Note here, we add "white dogs" twice by mistake, but the HashMap accepts it. This does not make sense, because now we are confused with how many white dogs are really there.

The Dog class should be defined as follows:

class Dog {
String color;

Dog(String c) {
color = c;
}

public boolean equals(Object o) {
return ((Dog) o).color.equals(this.color);
}

public int hashCode() {
return color.length();
}

public String toString(){
return color + " dog";
}
}

Now the output is:

3
red dog - 10
white dog - 20
black dog - 15

The reason is that HashMap doesn't allow two identical elements. By default, the hashCode() and equals() methods implemented in the Object class are used. The default hashCode() method gives distinct integers for distinct objects, and the equals() method only returns true when two references refer to the same object. 

3. TreeMap

A TreeMap is sorted by keys. Let's first take a look at the following example to understand the "sorted by keys" idea.

class Dog {
String color;

Dog(String c) {
color = c;
}
public boolean equals(Object o) {
return ((Dog) o).color.equals(this.color);
}

public int hashCode() {
return color.length();
}
public String toString(){
return color + " dog";
}
}

public class TestTreeMap {
public static void main(String[] args) {
Dog d1 = new Dog("red");
Dog d2 = new Dog("black");
Dog d3 = new Dog("white");
Dog d4 = new Dog("white");

TreeMap<Dog, Integer> treeMap = new TreeMap<Dog, Integer>();
treeMap.put(d1, 10);
treeMap.put(d2, 15);
treeMap.put(d3, 5);
treeMap.put(d4, 20);

for (Entry<Dog, Integer> entry : treeMap.entrySet()) {
System.out.println(entry.getKey() + " - " + entry.getValue());
}
}
}

Output:

Exception in thread "main" java.lang.ClassCastException: collection.Dog cannot be cast to java.lang.Comparable
at java.util.TreeMap.put(Unknown Source)
at collection.TestHashMap.main(TestHashMap.java:35)
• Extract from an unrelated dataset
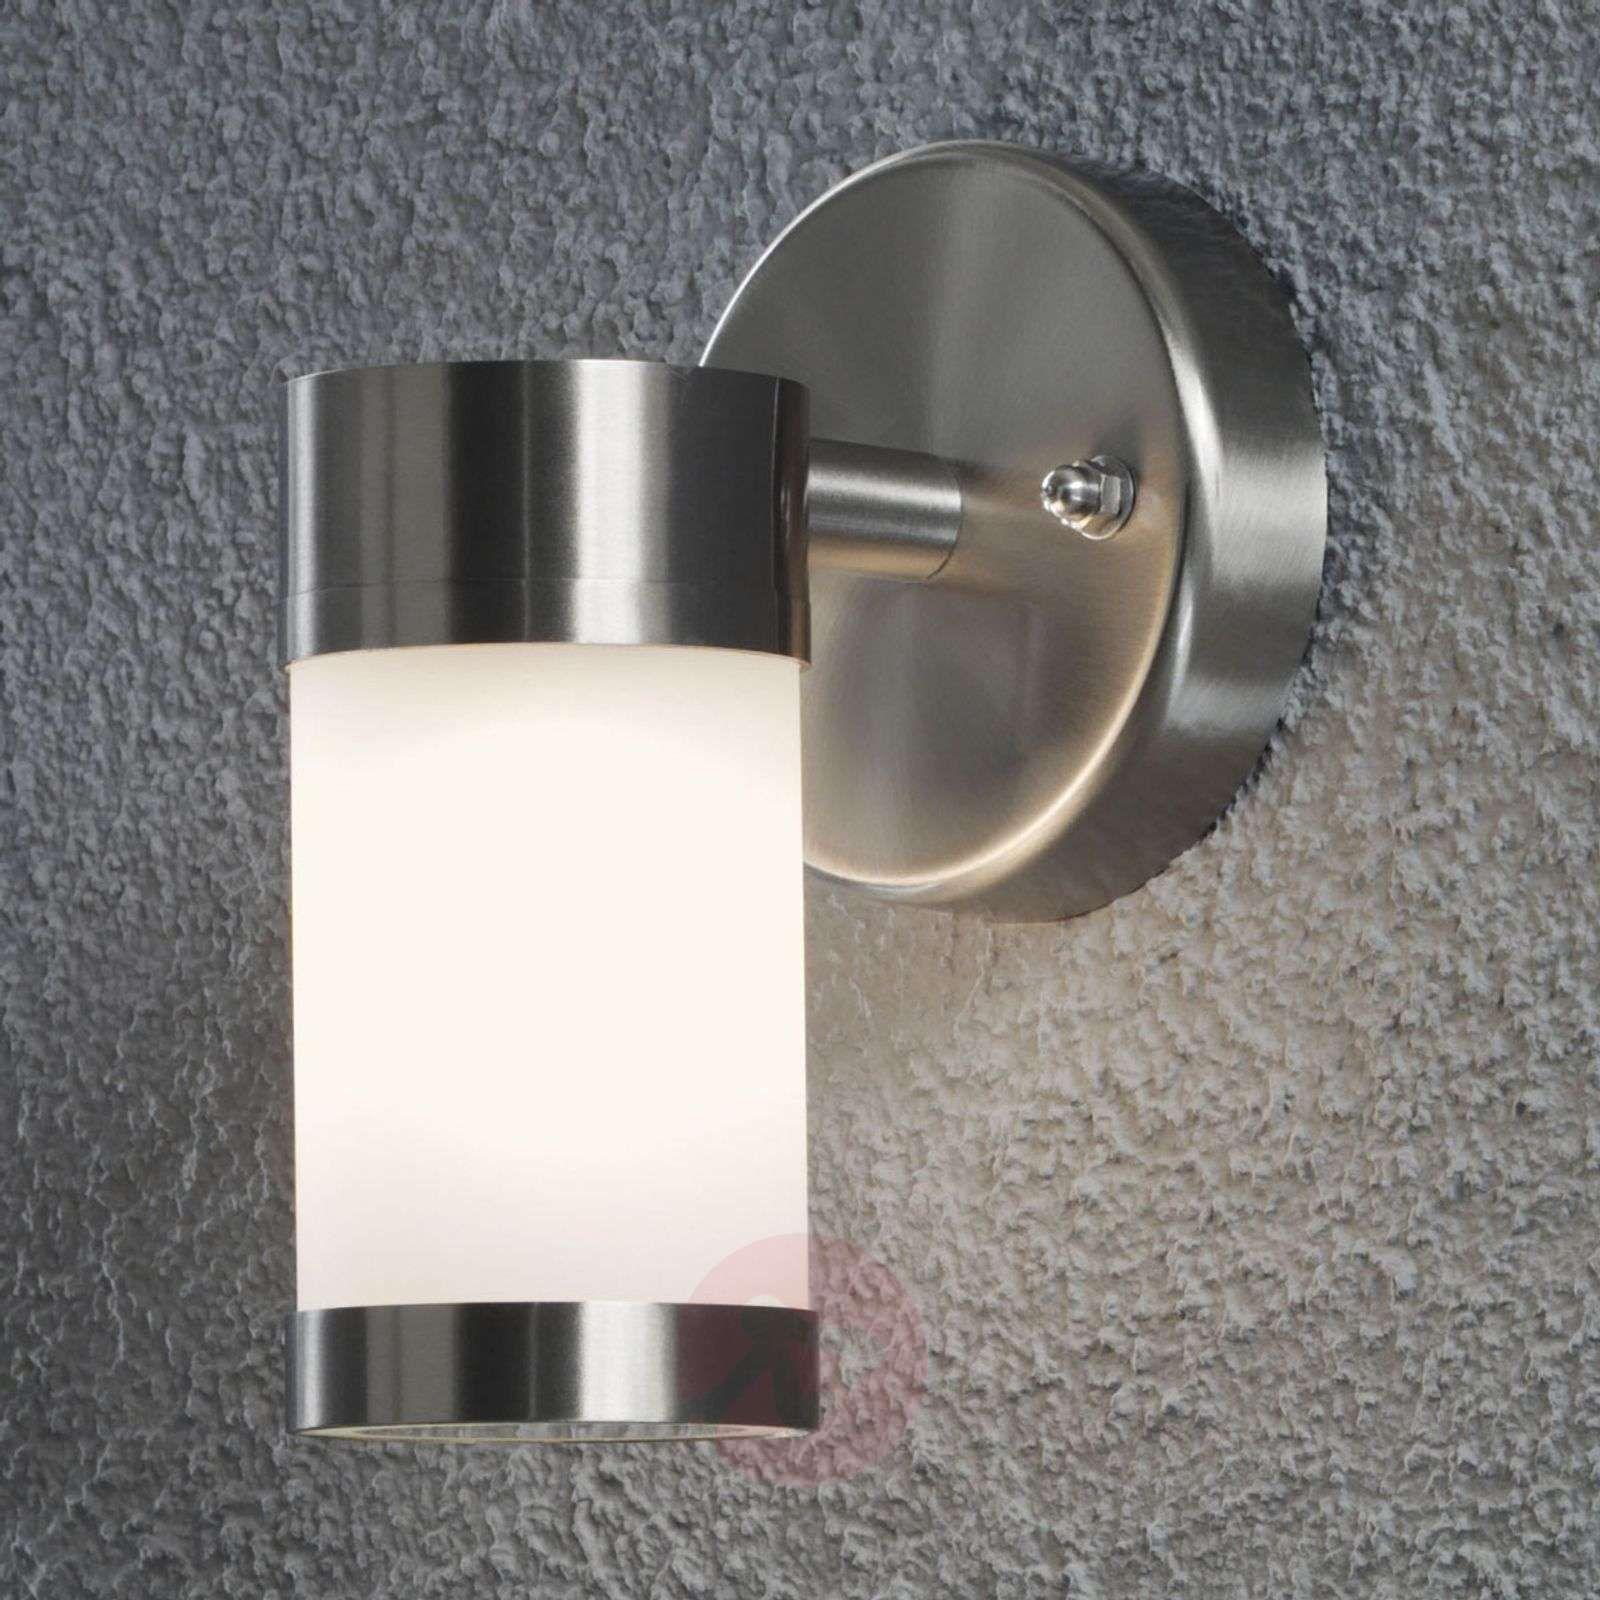 Prosta Zewnetrzna Lampa Scienna Modena 1 Punktowa Outdoor Wall Lighting Wall Lights Bulb

Since TreeMaps are sorted by keys, the object for key has to be able to compare with each other, that's why it has to implement Comparable interface. For example, you use String as key, because String implements Comparable interface.

Let's change the Dog, and make it comparable.

class Dog implements Comparable<Dog>{
String color;
int size;

Dog(String c, int s) {
color = c;
size = s;
}

public String toString(){
return color + " dog";
}

@Override
public int compareTo(Dog o) {
return  o.size - this.size;
}
}

public class TestTreeMap {
public static void main(String[] args) {
Dog d1 = new Dog("red", 30);
Dog d2 = new Dog("black", 20);
Dog d3 = new Dog("white", 10);
Dog d4 = new Dog("white", 10);

TreeMap<Dog, Integer> treeMap = new TreeMap<Dog, Integer>();
treeMap.put(d1, 10);
treeMap.put(d2, 15);
treeMap.put(d3, 5);
treeMap.put(d4, 20);

for (Entry<Dog, Integer> entry : treeMap.entrySet()) {
System.out.println(entry.getKey() + " - " + entry.getValue());
}
}
}

Output:

red dog - 10
black dog - 15
white dog - 20

It is sorted by key, i.e., dog size in this case.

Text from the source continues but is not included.